Depending on how you look at challenges, they could in fact be an advantage to you. Perhaps not immediately as you are dealing with one or more of them, but eventually you will figure out a way to either live with, master or perhaps get beyond your single or list of challenges.

Since it is difficult to appreciate the level of difficulty someone else is having in their life related to a challenge they may be having, we potentially might assume our own challenges are unique. Perhaps more difficult than someone else’s. In both cases you may be right, but I guarantee you that another person has a far more serious one than you are experiencing.

Sure, hearing that others have far greater challenges than you do, doesn’t make you feel any better to hear this. It’s not intended to. What I do want you to think about is perspective. The type of perspective that you either will, or should have to help you to face whatever challenge you are experiencing.

Here’s another way to think about a challenge you are facing. Consider it to be either a puzzle or a mystery that needs to be solved. Thinking about your challenge from an entirely different perspective is going to be helpful in numerous ways. The first way is that it will help to unlock your mind from dwelling on and focusing perhaps on only the downsides to the challenge you are facing right now. Have you considered that there might actually be an upside to what you are contending with?  
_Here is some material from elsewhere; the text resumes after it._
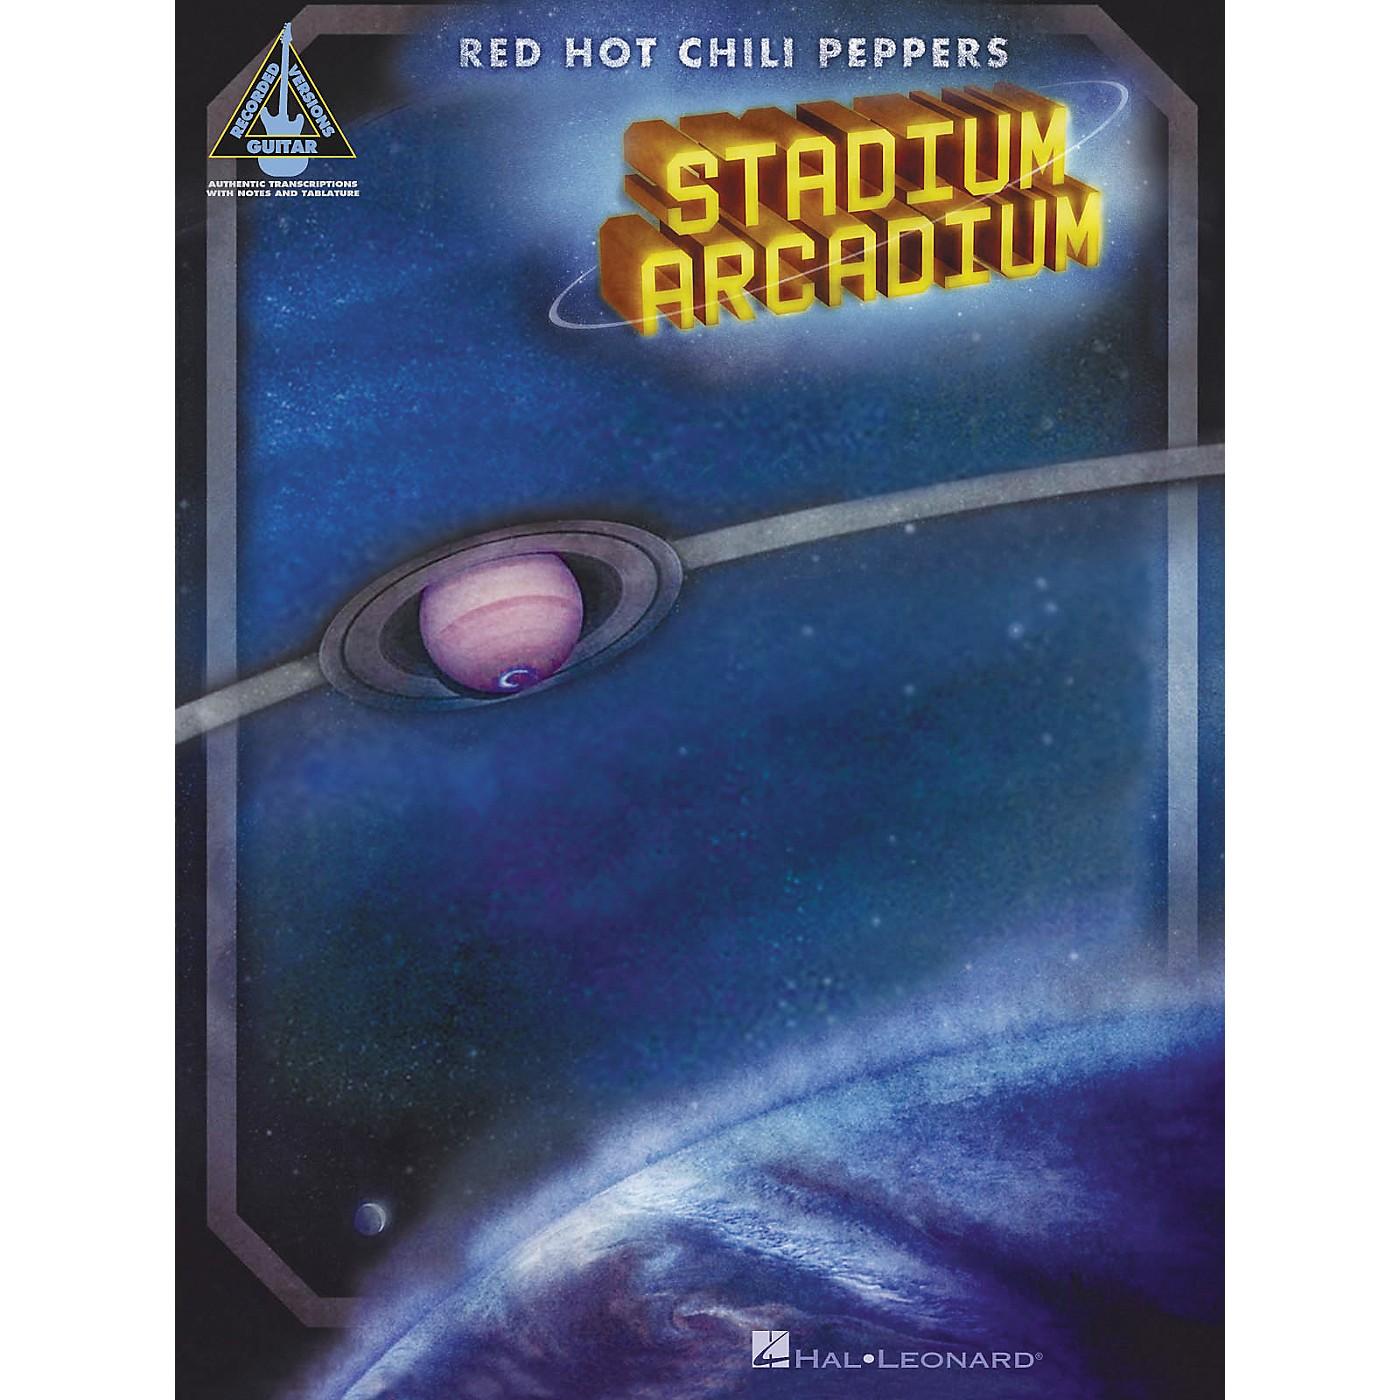 Hal Leonard Stadium Arcadium Red Hot Chili Peppers Guitar Tab Songbook thumbnail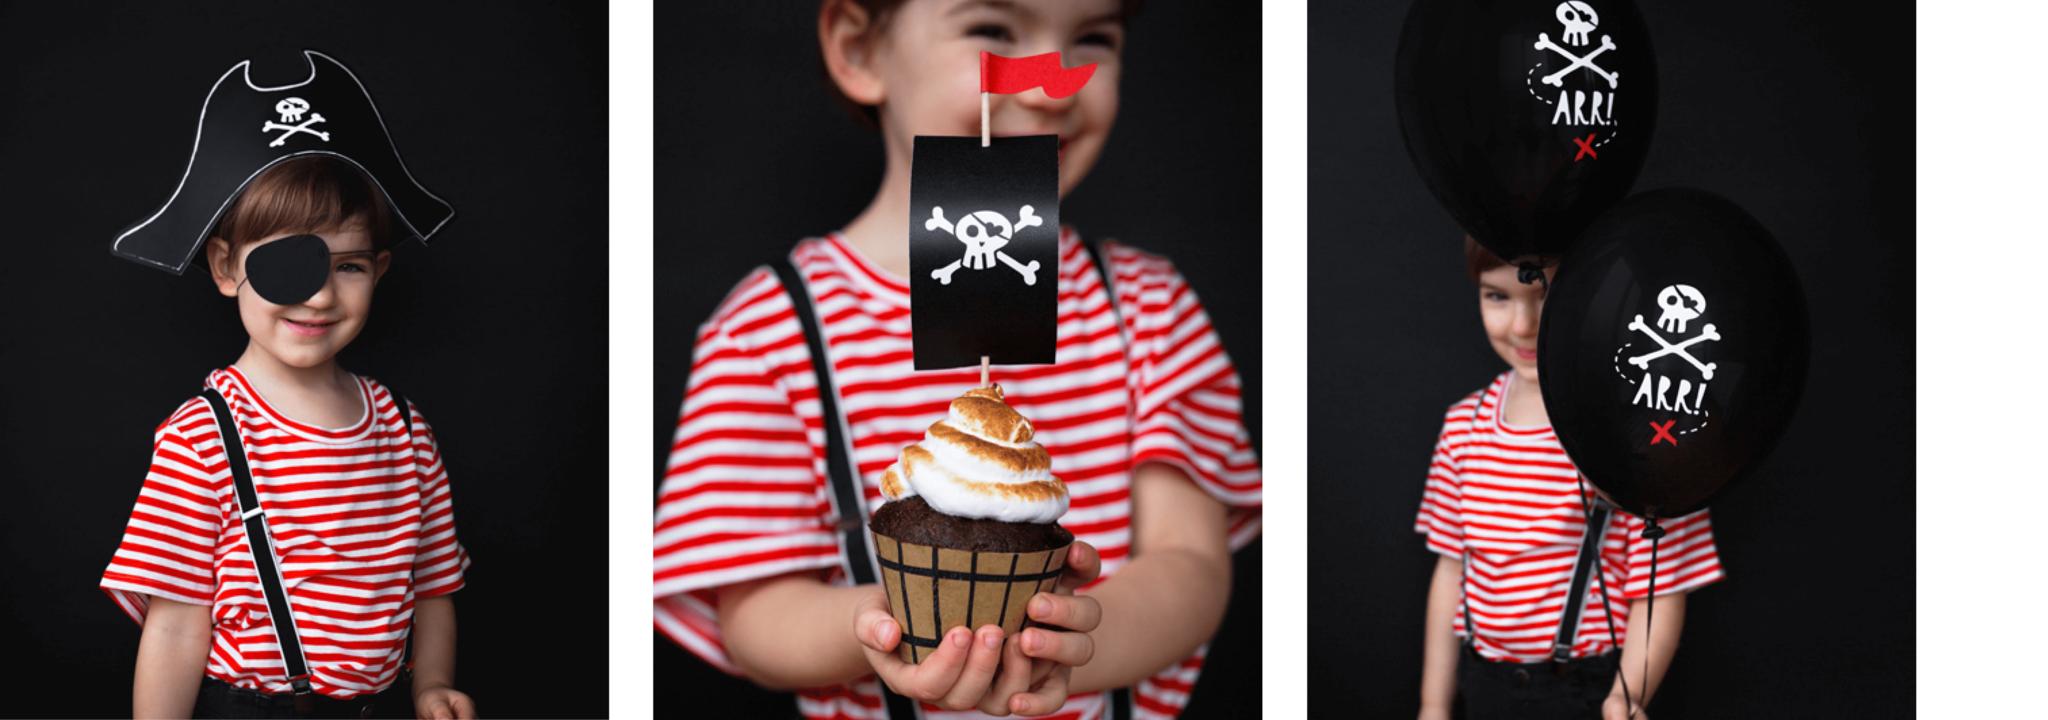 Piraten kinderfeestje thuis organiseren

When I personally started looking at my own challenges from a different perspective, it was an enormous epiphany for me. One that literally changed the trajectory and outcome towards one I wasn’t sure how I was going to accomplish. For context, my challenge began when I was quite young, but it wasn’t properly recognized or addressed until multiple decades later. When my challenge was finally addressed, I found out that I was Dyslexic. Knowing this brought into perspective why all my years of educationally struggling made sense.

Finding out I was Dyslexic was also a huge gift, instead of being a burden. Why, because this determination allowed me to take a slightly different, yet enormously impactful educational path. The alternative path wasn’t to stop pursuing my college education, but to instead be able to take different courses in place of having to take a foreign language. By my college allowing me to instead focus on courses I could be set-up to be successful in, and exempted from having to take classes I would have severely struggled in, I was able to obtain my bachelor’s degree on time.

What was significant about the challenge I was facing prior to becoming exempt from having to take a foreign language, was that at the time this occurred, there was only one other person who had been granted a foreign language exemption. So, at that time, the challenge I faced was proving that I in fact had a learning disability. Sparing you from the details of accomplishing this, I became the first female in the university’s history to do so. So, in essence, with my own personal challenge of having a learning disability, and being able to pave the way for future students with disabilities to become exempt from having to take a foreign language to graduate, is one of my proudest early memories of overcoming a challenge.

Now, let’s have you think about a challenge you are facing. Or, perhaps helping someone with. Have you considered that getting past or overcoming it might in fact provide you with great pride? Perhaps a sense of accomplishment? Yes, I appreciate the concern you have that when you are in the middle of the challenge, it might feel overwhelming and beyond your comprehension of it being something you will have behind you. However, I also want you to consider the benefits of having to think through coming up with potential solutions to any challenge you face.

With few exceptions, there are usually multiple ways to overcome a challenge. Even some of the most difficult ones you may be currently facing. Or, will be in the future. Given this reality, below are some suggestions to help you consider overcoming your current or future challenges.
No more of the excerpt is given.